PROVIDED DATA:
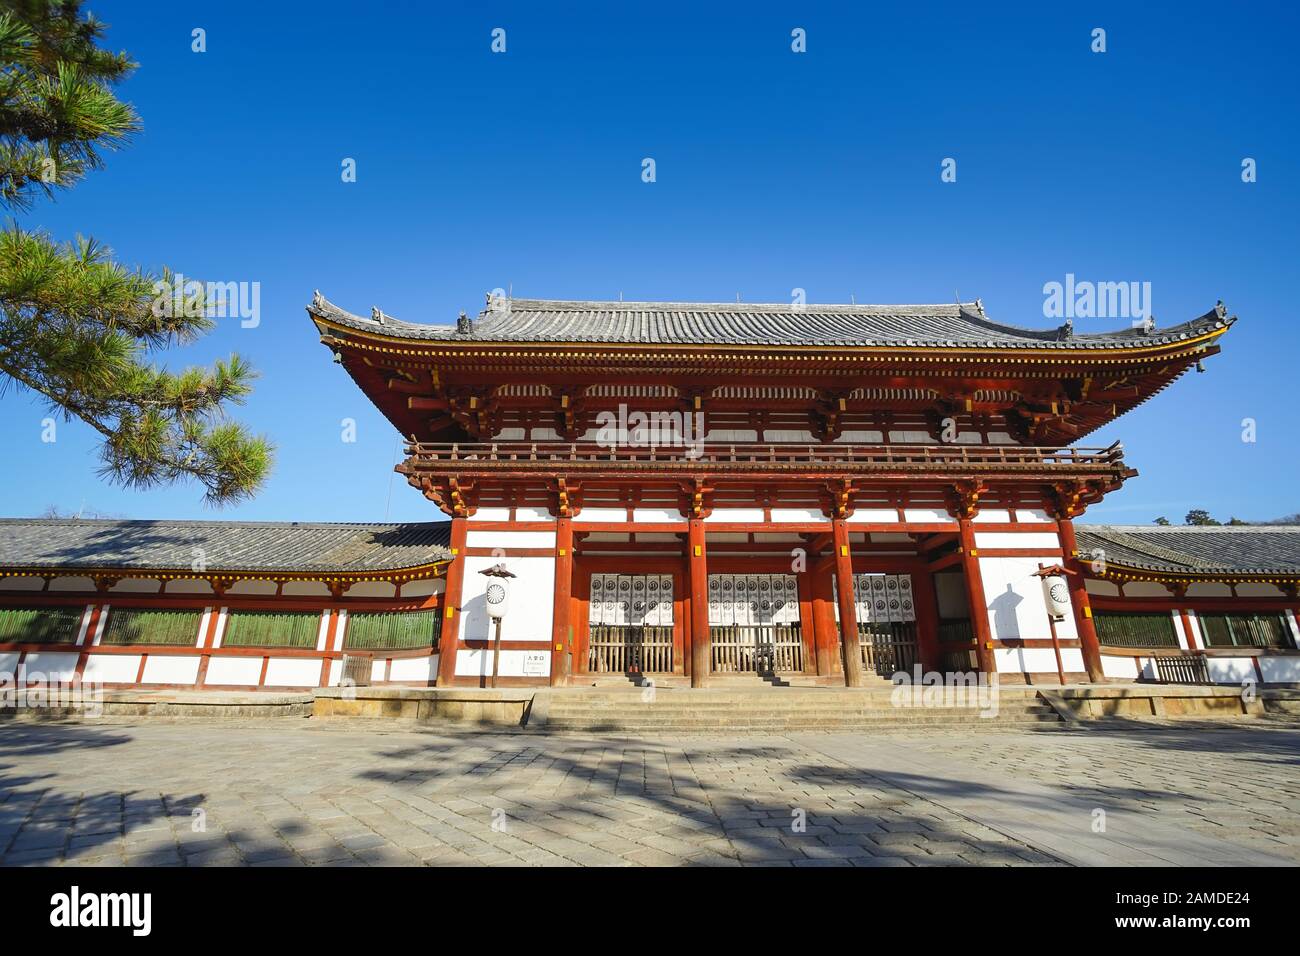 Hermosa escena de la segunda puerta de madera del Templo Todaiji, este es el destino turístico más famoso de la ciudad de Nara en la zona de Kansai de Japón y esto Foto de stock
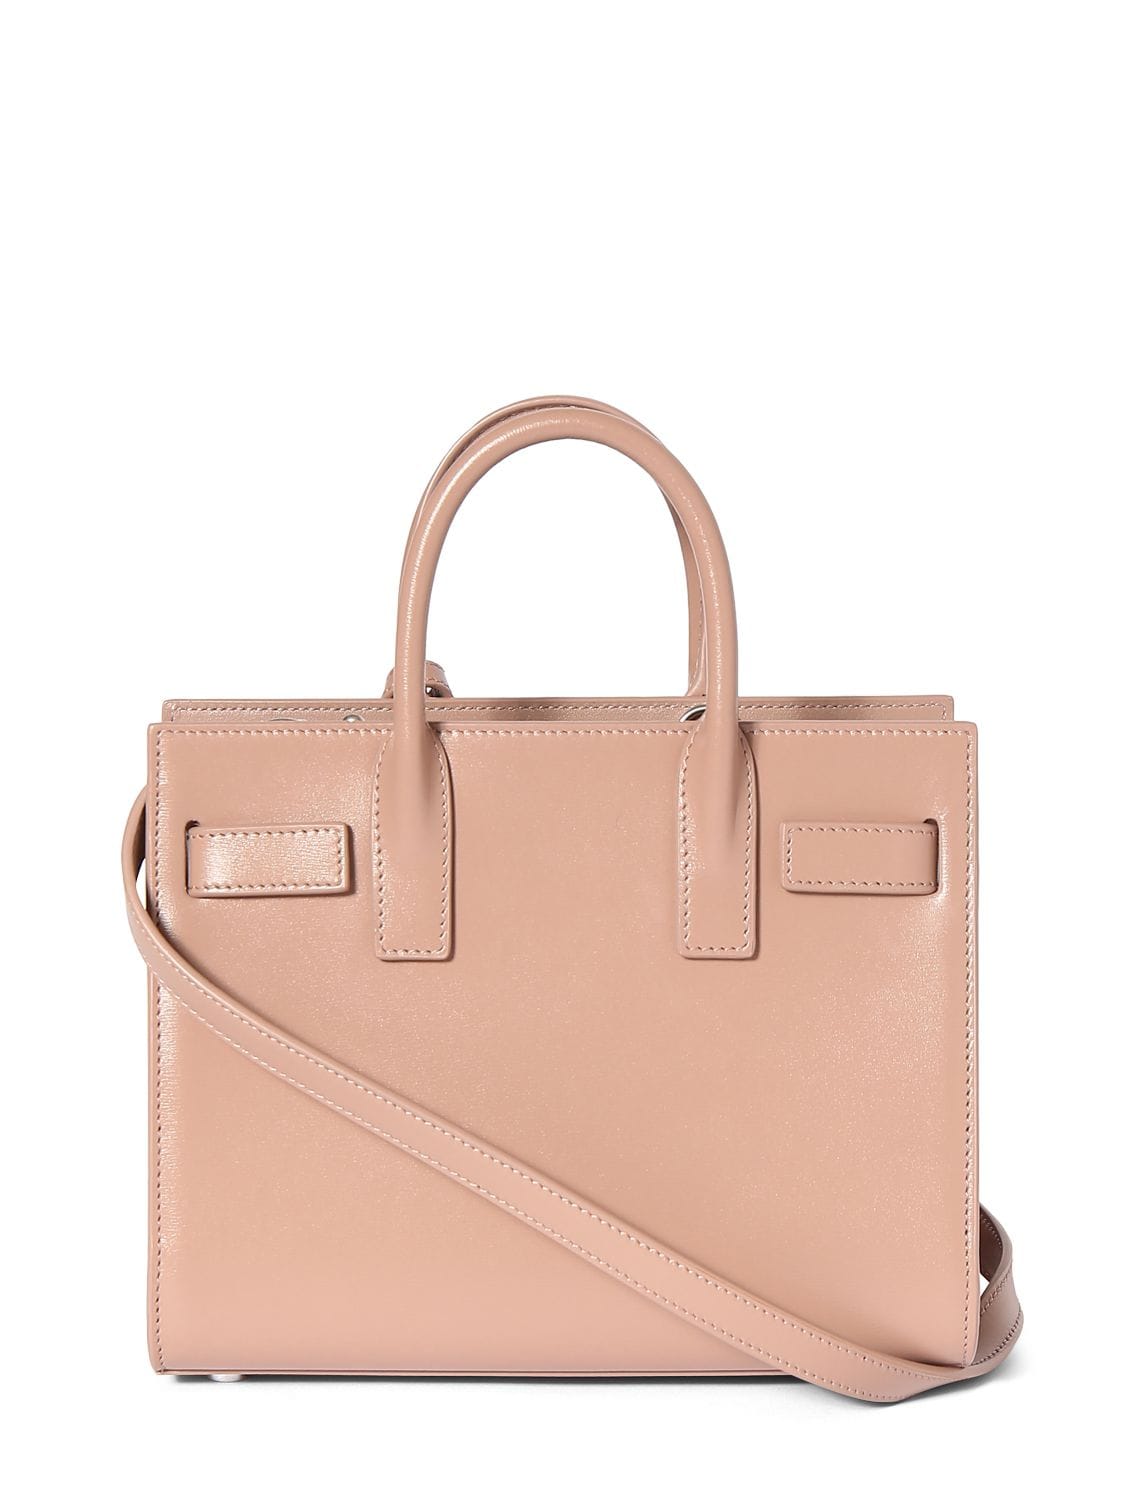 Shop Saint Laurent Nano Sac De Jour Leather Top Handle Bag In Rose
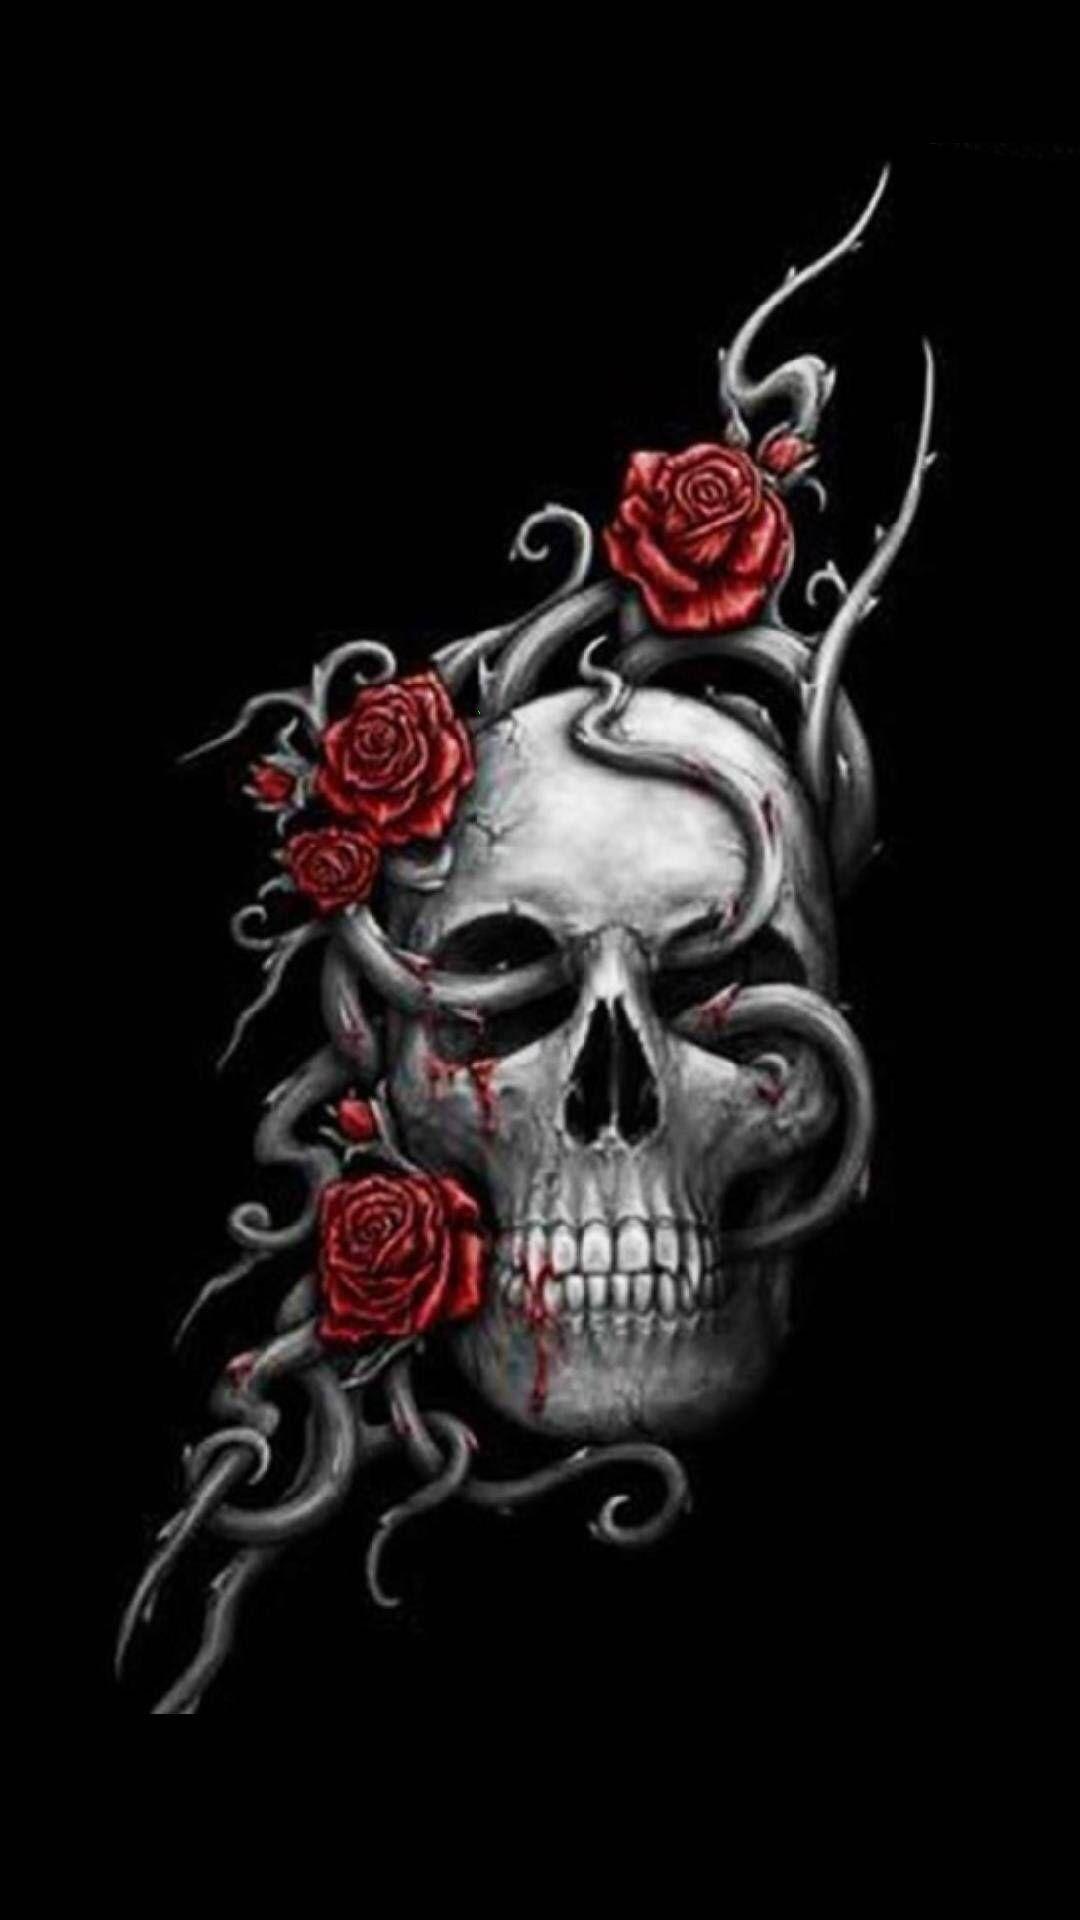 Skull and roses  rose flower purple pink skull fantasy  Skull  artwork Skull wallpaper Black skulls wallpaper

TRY IT:
Take the lines from the one containing "Shop Saint Laurent" through the last line of the listing and repeat them exactly. Omit the pictures.

ANSWER FOR THE TASK:
 Shop Saint Laurent Nano Sac De Jour Leather Top Handle Bag In Rose
 Skull and roses  rose flower purple pink skull fantasy  Skull  artwork Skull wallpaper Black skulls wallpaper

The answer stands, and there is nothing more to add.